[Work request]: Your answer should hold exactly the lines below from the line with "SIKU 1450 Машина" through the line with "1996 October 22nd", both included, and no pictures at all.
═══ Source information
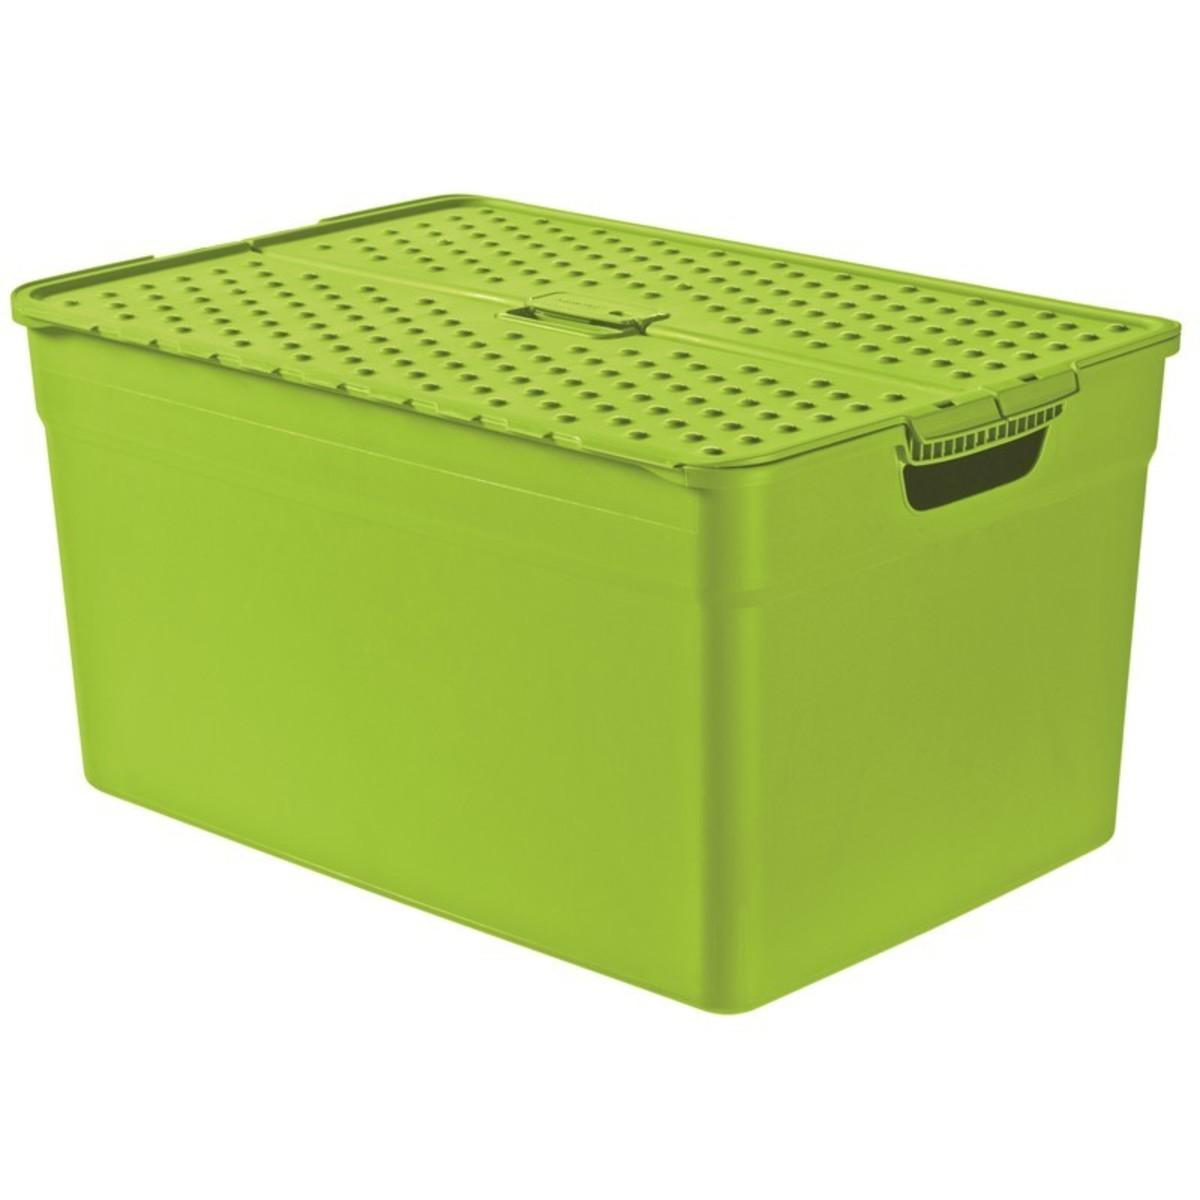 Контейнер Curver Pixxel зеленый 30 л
══════
═══ Source information
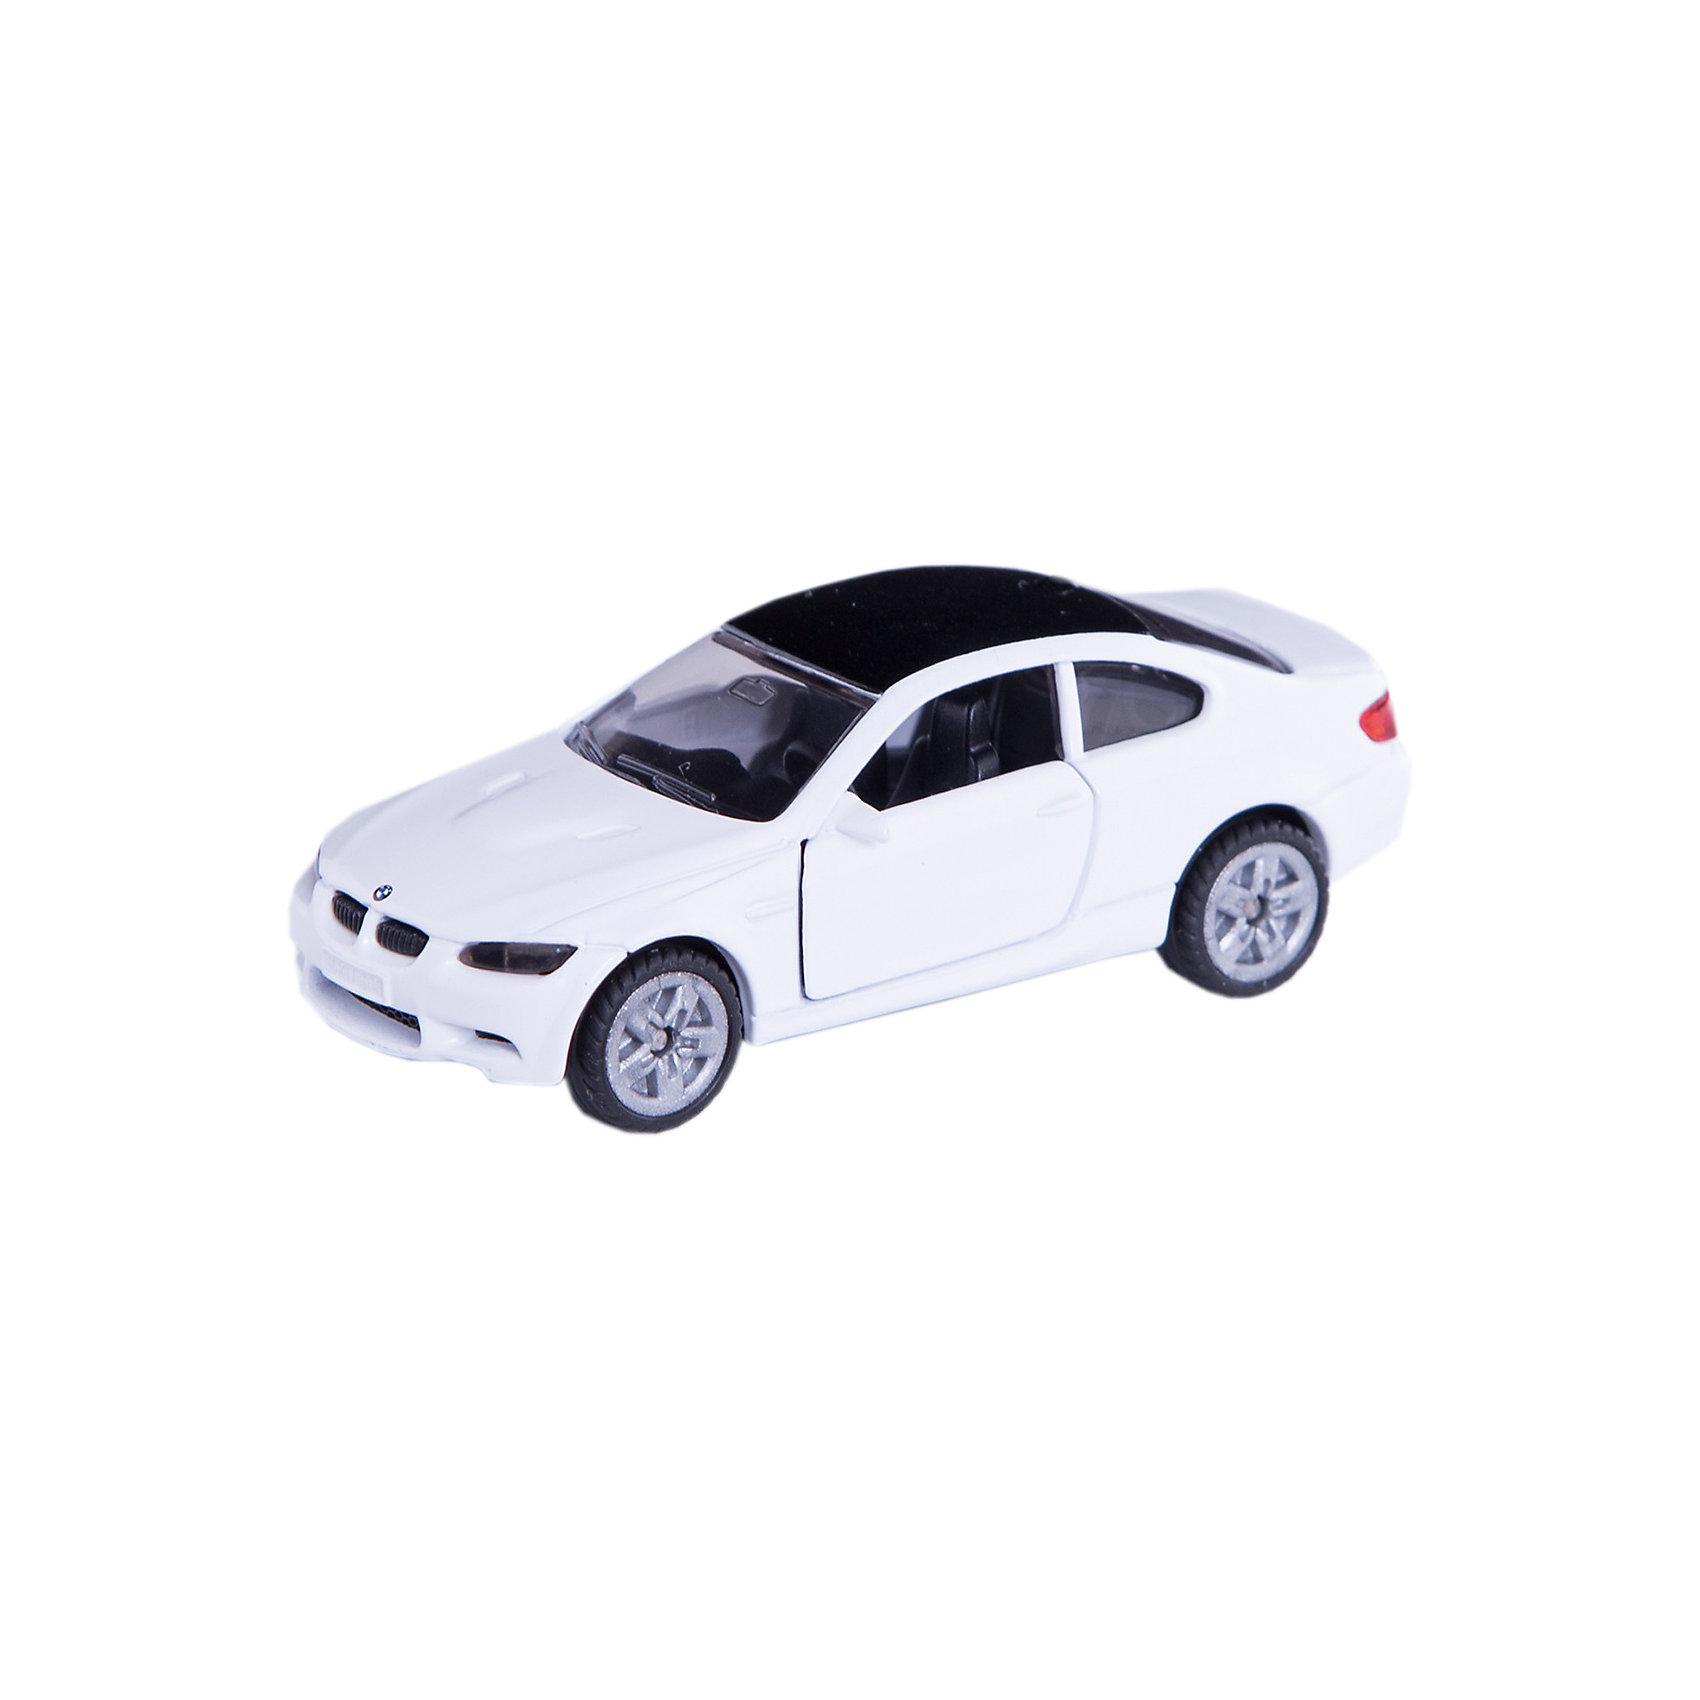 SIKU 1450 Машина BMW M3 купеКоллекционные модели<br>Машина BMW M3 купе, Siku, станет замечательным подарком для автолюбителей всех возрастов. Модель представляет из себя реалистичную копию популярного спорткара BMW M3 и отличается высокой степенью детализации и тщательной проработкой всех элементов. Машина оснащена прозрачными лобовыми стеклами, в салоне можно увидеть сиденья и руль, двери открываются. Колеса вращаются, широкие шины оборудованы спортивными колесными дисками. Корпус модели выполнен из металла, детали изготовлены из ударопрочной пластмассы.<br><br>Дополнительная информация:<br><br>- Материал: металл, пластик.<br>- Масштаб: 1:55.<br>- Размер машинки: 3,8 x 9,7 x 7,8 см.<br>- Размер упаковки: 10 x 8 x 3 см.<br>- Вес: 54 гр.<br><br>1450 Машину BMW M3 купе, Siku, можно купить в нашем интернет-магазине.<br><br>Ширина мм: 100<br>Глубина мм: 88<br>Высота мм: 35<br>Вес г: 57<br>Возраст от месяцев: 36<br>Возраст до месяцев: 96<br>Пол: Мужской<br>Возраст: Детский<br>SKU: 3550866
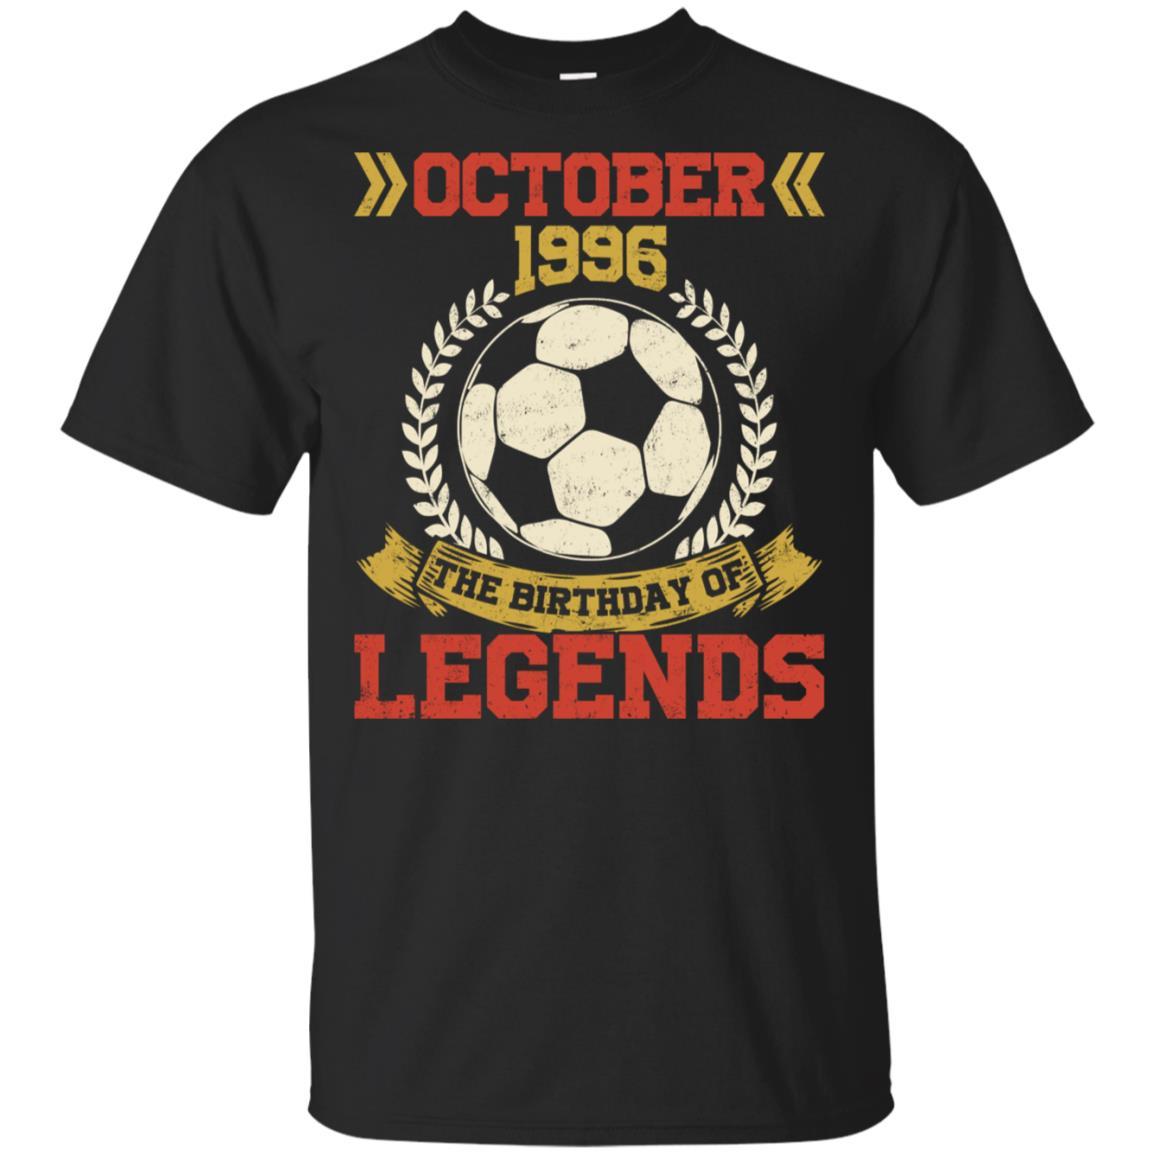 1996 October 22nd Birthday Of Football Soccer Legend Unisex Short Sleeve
══════
[Task result]:
 SIKU 1450 Машина BMW M3 купеКоллекционные модели<br>Машина BMW M3 купе, Siku, станет замечательным подарком для автолюбителей всех возрастов. Модель представляет из себя реалистичную копию популярного спорткара BMW M3 и отличается высокой степенью детализации и тщательной проработкой всех элементов. Машина оснащена прозрачными лобовыми стеклами, в салоне можно увидеть сиденья и руль, двери открываются. Колеса вращаются, широкие шины оборудованы спортивными колесными дисками. Корпус модели выполнен из металла, детали изготовлены из ударопрочной пластмассы.<br><br>Дополнительная информация:<br><br>- Материал: металл, пластик.<br>- Масштаб: 1:55.<br>- Размер машинки: 3,8 x 9,7 x 7,8 см.<br>- Размер упаковки: 10 x 8 x 3 см.<br>- Вес: 54 гр.<br><br>1450 Машину BMW M3 купе, Siku, можно купить в нашем интернет-магазине.<br><br>Ширина мм: 100<br>Глубина мм: 88<br>Высота мм: 35<br>Вес г: 57<br>Возраст от месяцев: 36<br>Возраст до месяцев: 96<br>Пол: Мужской<br>Возраст: Детский<br>SKU: 3550866
 1996 October 22nd Birthday Of Football Soccer Legend Unisex Short Sleeve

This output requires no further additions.